Crisi dell'olio di oliva: in forte calo il numero dei frantoi in attività. Rallenta la produzione aumentano i costi. Nel report sulle tendenze del mercato dell'olio di oliva per l'annata 2022-2023 pubblicato a settembre dall'Ismea (Istituto di servizi per il mercato agricolo) viene disegnato un quadro poco rassicurante per i produttori, a causa di alcune criticità: in particolare la siccità, la presenza della mosca olearia, gli alti costi di trasformazione come conseguenza dell'aumento del costo dell'energia elettrica.
A un mese di distanza la situazione è diventata ancora più complicata e difficilmente sostenibile, posto che quelle criticità nel frattempo si sono aggravate a causa del clima, che continua a essere sostanzialmente estivo anche se siamo a fine ottobre.
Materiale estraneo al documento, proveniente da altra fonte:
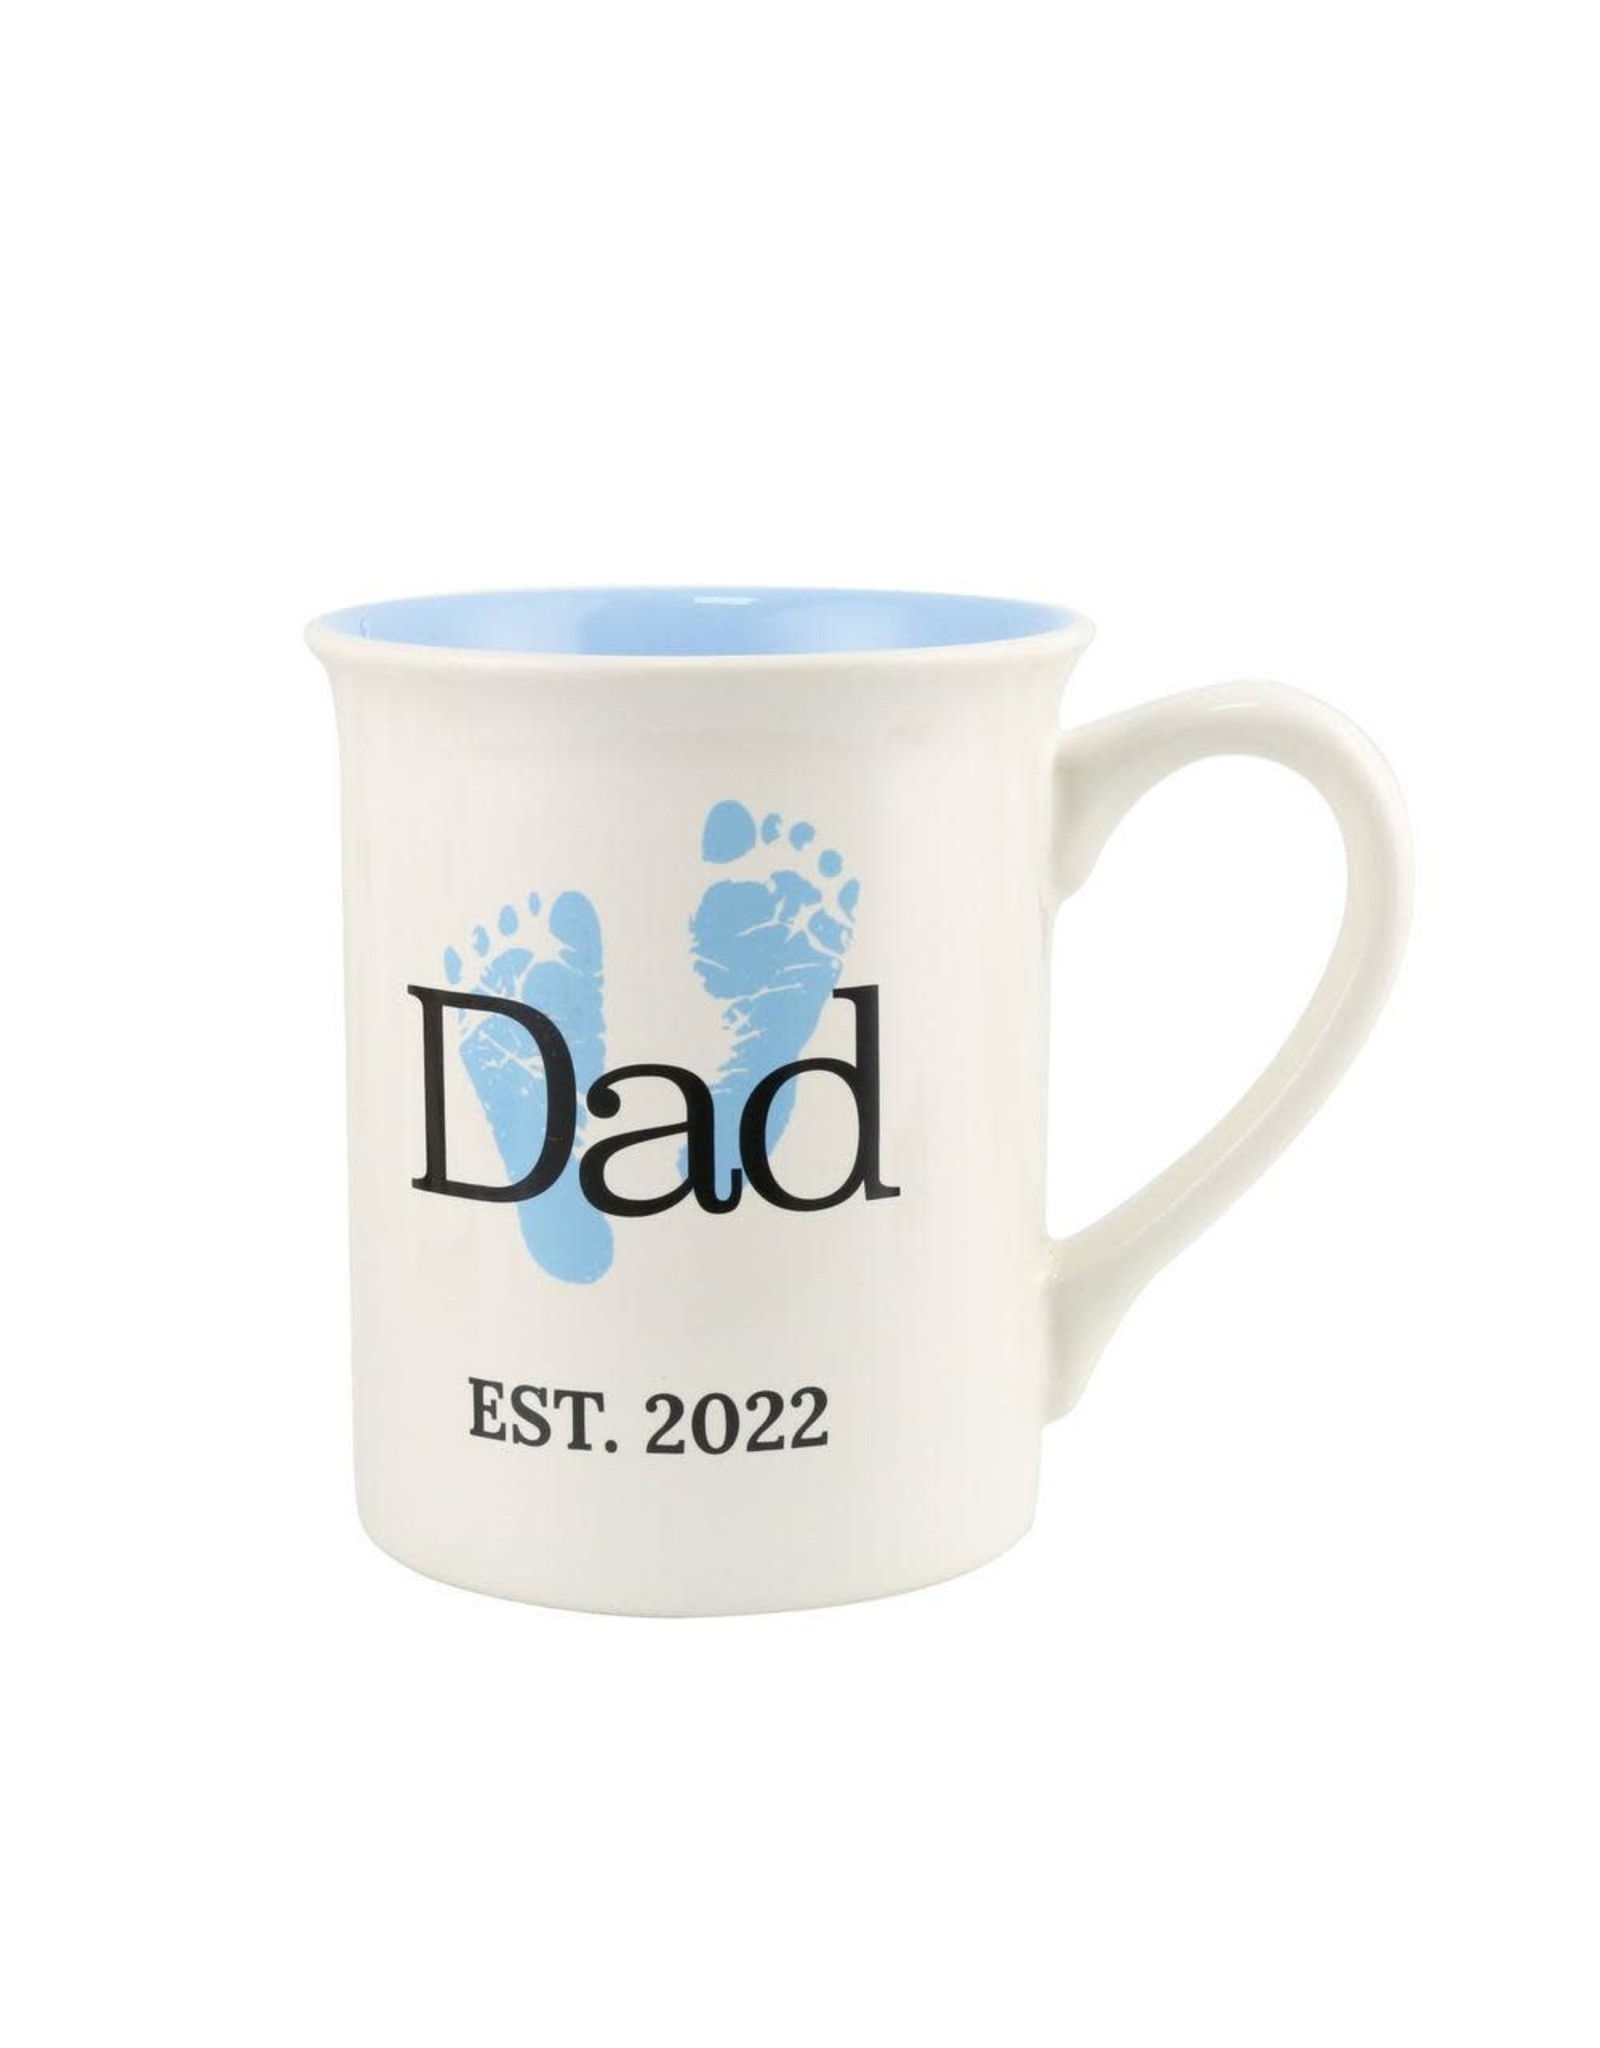 Enesco Dad Est. 2022 Mug
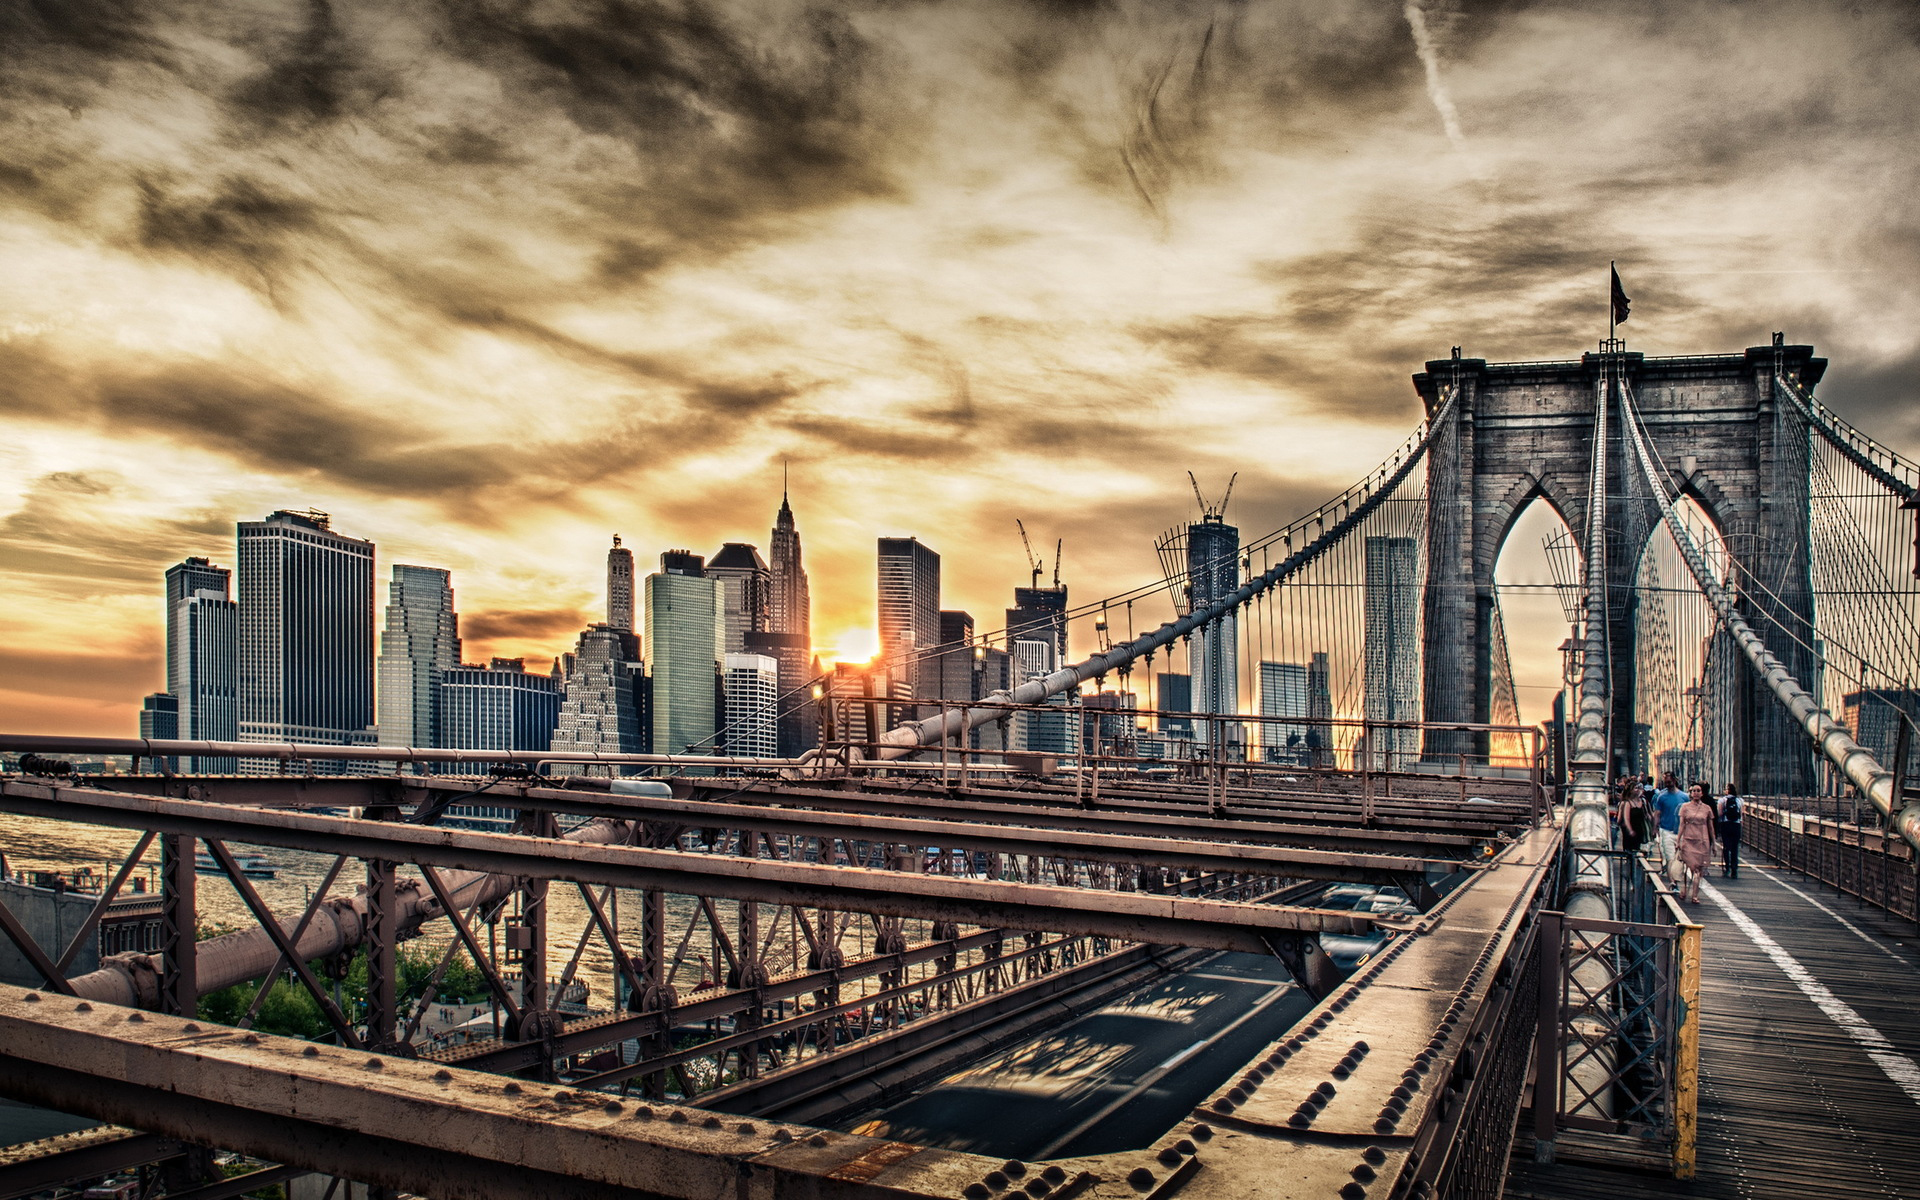 Brooklyn Bridge HD Wallpaper Background Image 1920x1200 ID

Alle emergenze stagionali bisogna aggiungere la xylella, che ha già provocato dal 2015 la perdita del 70 per cento circa della produzione nella provincia di Lecce e sta aggredendo sempre di più la provincia di Brindisi. In una nota pubblicata due giorni fa da Coldiretti Puglia si evidenzia che nella campagna in corso in provincia di Brindisi, la raccolta delle olive subirà una riduzione generale del 20-25% a causa degli eventi atmosferici, oltre alla continua avanzata della Xylella fastidiosa, con la presenza sempre più numerosa di oliveti con evidenti disseccamenti caratteristici dell'infezione dovuta al batterio. Nella parte sud del territorio provinciale tale fenomeno interessa oramai tutti gli oliveti con conseguenze anche sulla produzione ed una diminuzione del prodotto che in tali comprensori raggiunge oltre il 50% rispetto alle annate precedenti, denuncia ancora Coldiretti Puglia.
In questo contesto c'è da prevedere che molti frantoi rinunceranno ad avviare l'attività, con perdite di migliaia di giornate di lavoro. Dunque, i danni sul piano economico e paesaggistico aumentano anno dopo anno, con l'aggiunta nell'annata 2022-2023 (l'attività di raccolta comincia a settembre-ottobre e termina a gennaio-febbraio) dei danni provocati da siccità, mosca olearia e costi energetici.
Sino agli inizi degli anni Settanta, i frantoi garantivano occupazione per tanti capi frantoiani (nagghjire in dialetto ostunese) i quali erano depositari di competenze non facili da trovare e per i frantoiani (trappetare). Molte maestranze del settore provenivano dalla provincia di Lecce (in particolare dal Sud) a conferma del fatto che vi era una economia collegata alla lavorazione delle olive che garantiva opportunità di lavoro per periodo relativamente lunghi e che nel Salento vi erano esperti capaci di lavorare le olive.
Con il passare degli anni quella tradizione è cambiata e lo spostamento dei trappe tare leccesi si è sostanzialmente annullato. E dal 2015, anno in cui si sono cominciate a vedere le conseguenze della xylella, per i frantoiani e i capi frantoiani è stato sempre più difficile trovare lavoro. Non solo nella provincia di Lecce.
Le elaborazioni Ismea disegnano un quadro estremamente grave del settore. Nell'annata 2014-2015 (la xylella non aveva ancora provocato danni significativi) in Puglia erano attivi 939, con la provincia di Lecce che ne aveva 251 e la provincia di Brindisi 143.
Nel 2017-2018 con 904 frantoi attivi in Puglia, la provincia di Lecce era scesa a 227 frantoi con una produzione di 20.184 tonnellate di olio di oliva mentre la provincia di Brindisi faceva registrare 145 frantoi con 32.786 tonnellate di olio di oliva prodotto.
Nell'annata 2021-2022 il totale dei frantoi attivi in Puglia è stato di 766, con Lecce che è scesa a quota 128 (la metà rispetto al 2014-2015) con 3.415 tonnellate di olio prodotto. Nella provincia di Brindisi nella stessa annata sono stati in funzione 128 frantoi con una produzione di 21.511 tonnellate di olio. Le previsioni del 2022-2023 sono catastrofiche sia per quanto riguarda le opportunità di lavoro che i frantoi offrono che per quanto riguarda la qualità e la qualità del prodotto.